Given records:

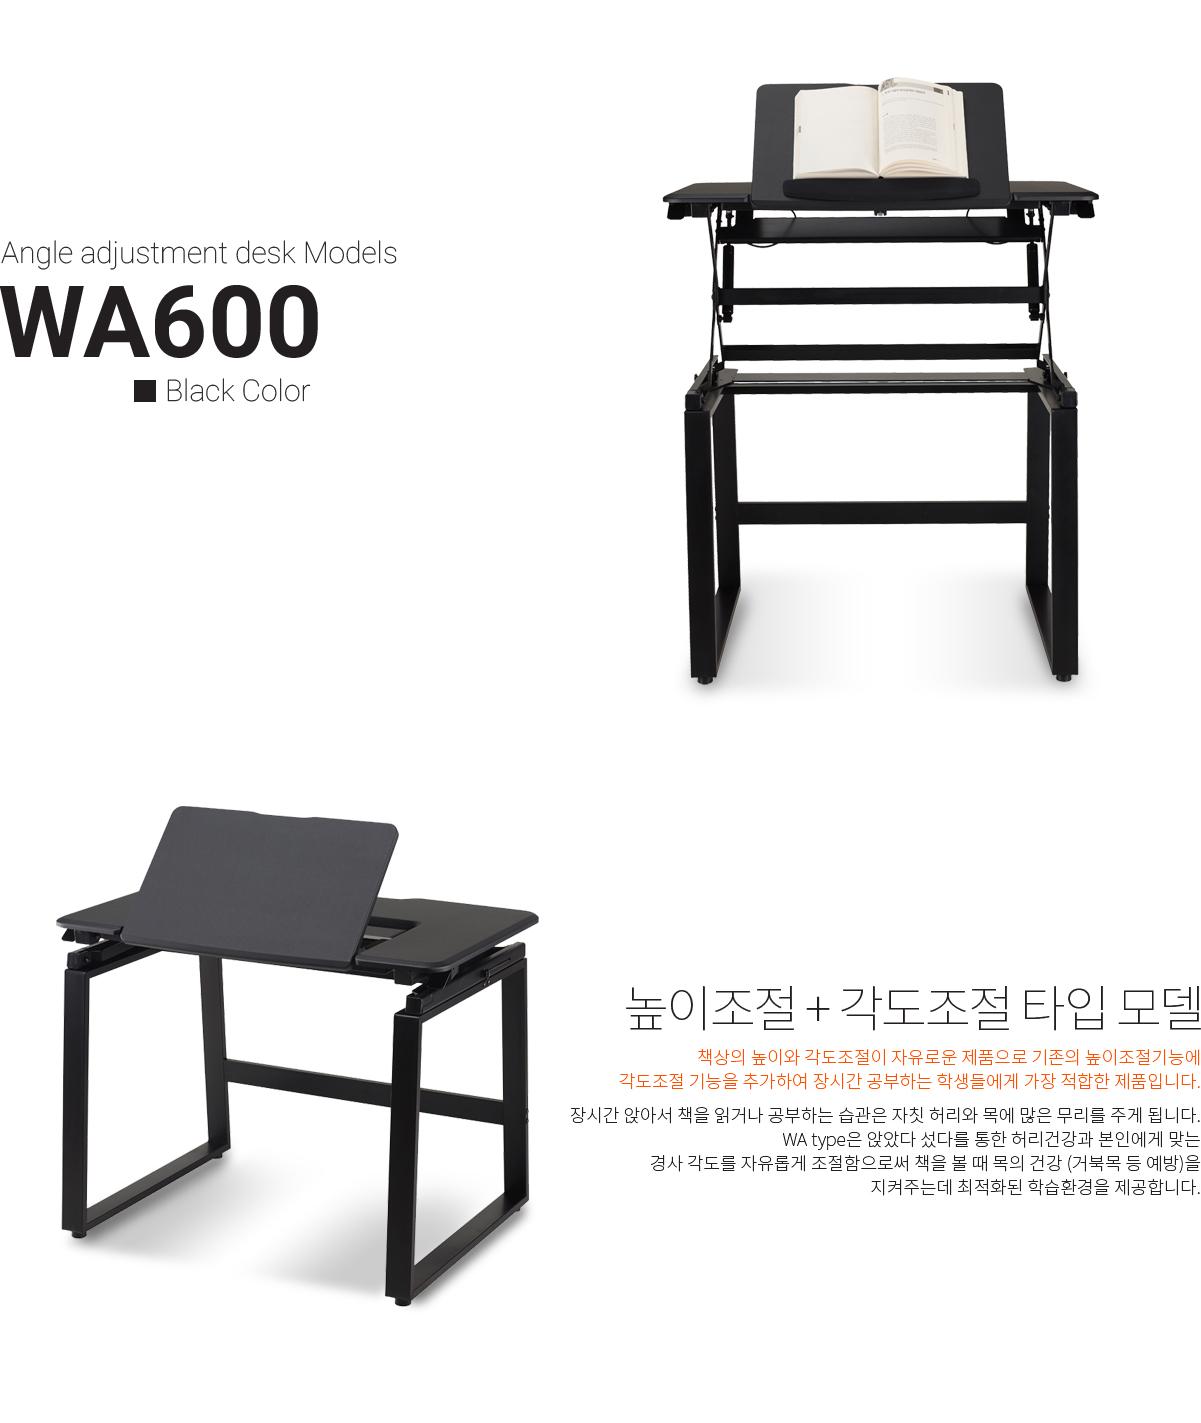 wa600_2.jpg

---

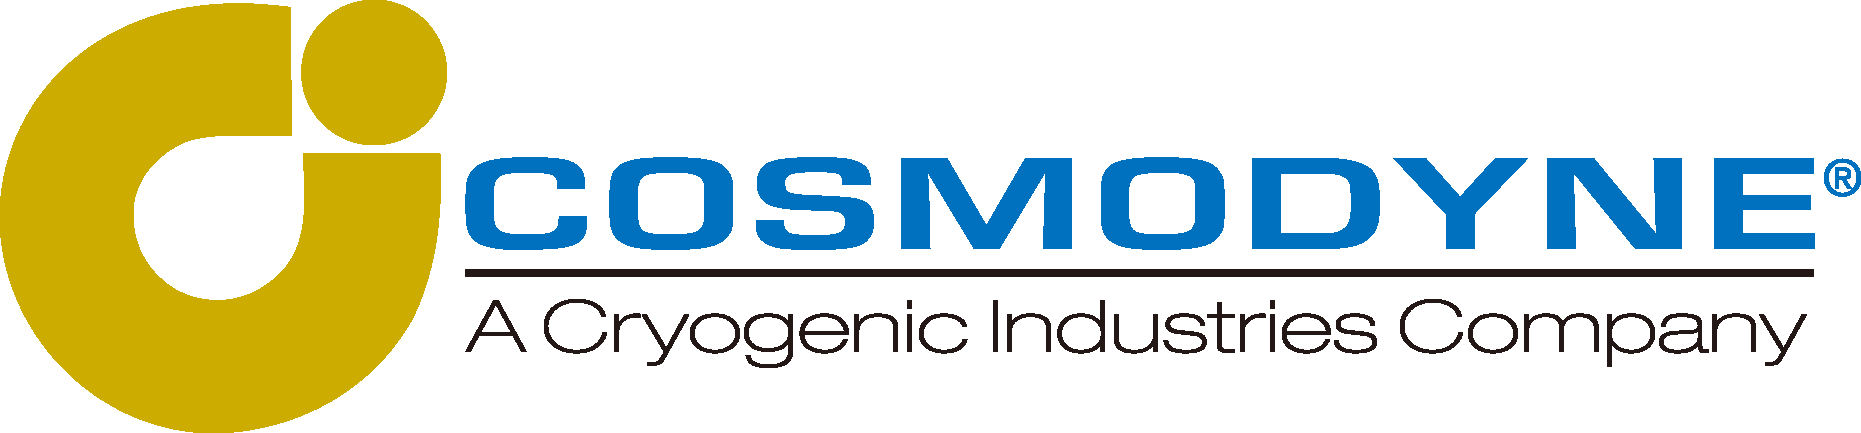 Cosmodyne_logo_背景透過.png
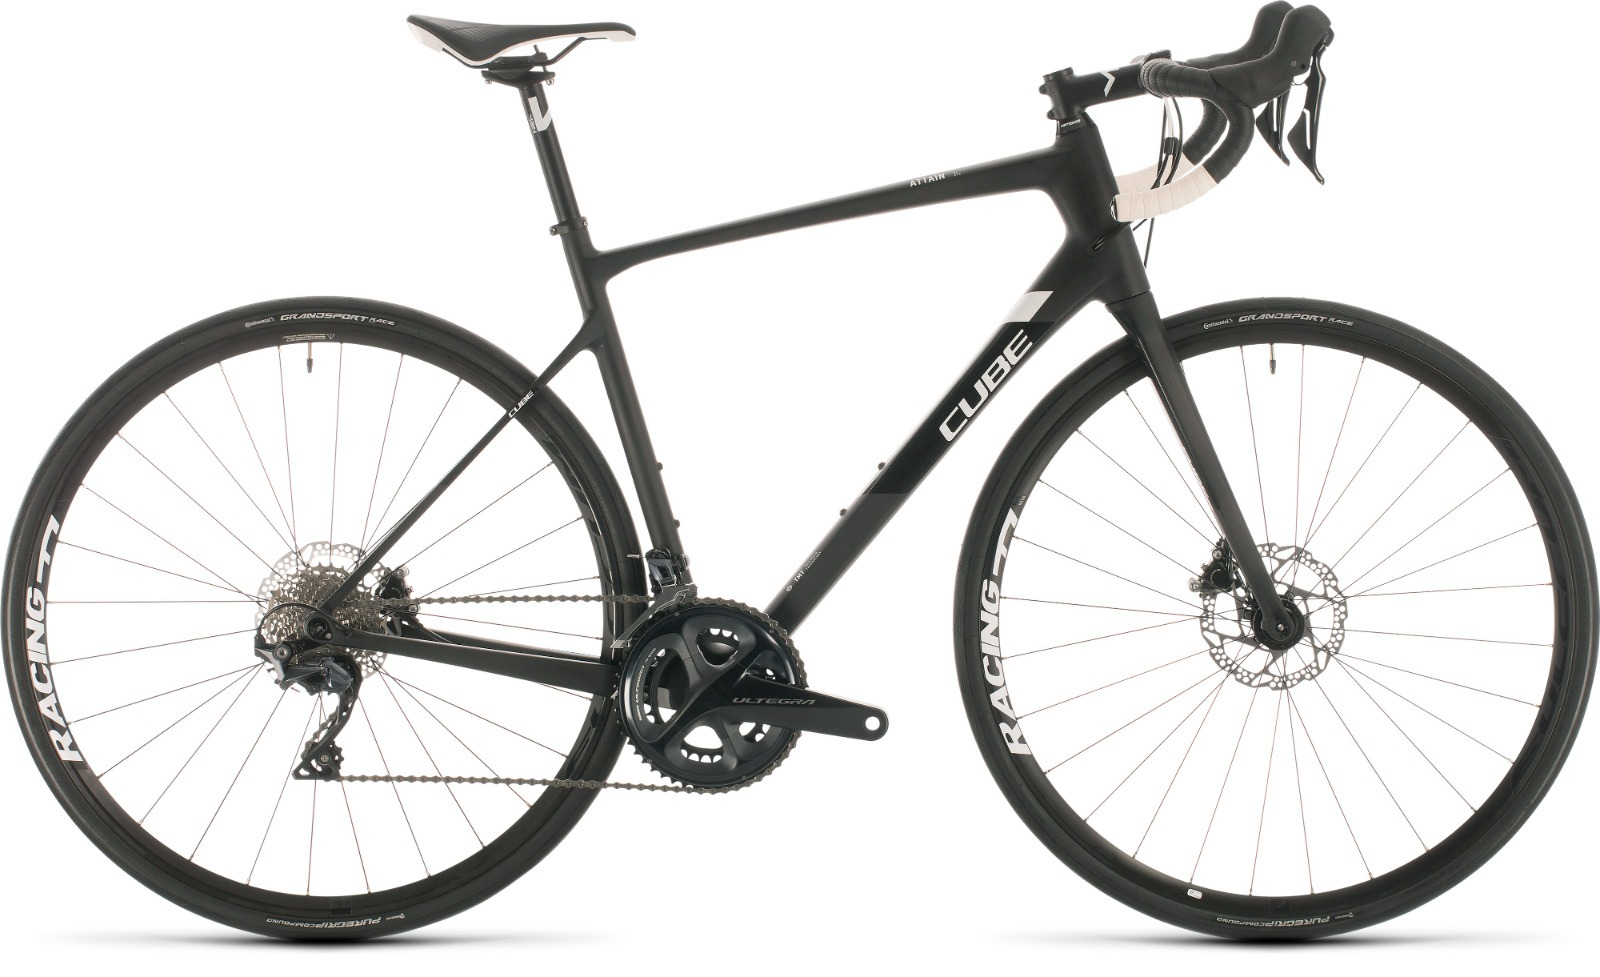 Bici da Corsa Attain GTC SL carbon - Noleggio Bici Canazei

Requirement: For the entries above, print exactly the lines between the one with "Cosmodyne_logo_背景透過.png" and the one with "Bici da Corsa", inclusive, with no pictures.

Expected output:
 Cosmodyne_logo_背景透過.png
 Bici da Corsa Attain GTC SL carbon - Noleggio Bici Canazei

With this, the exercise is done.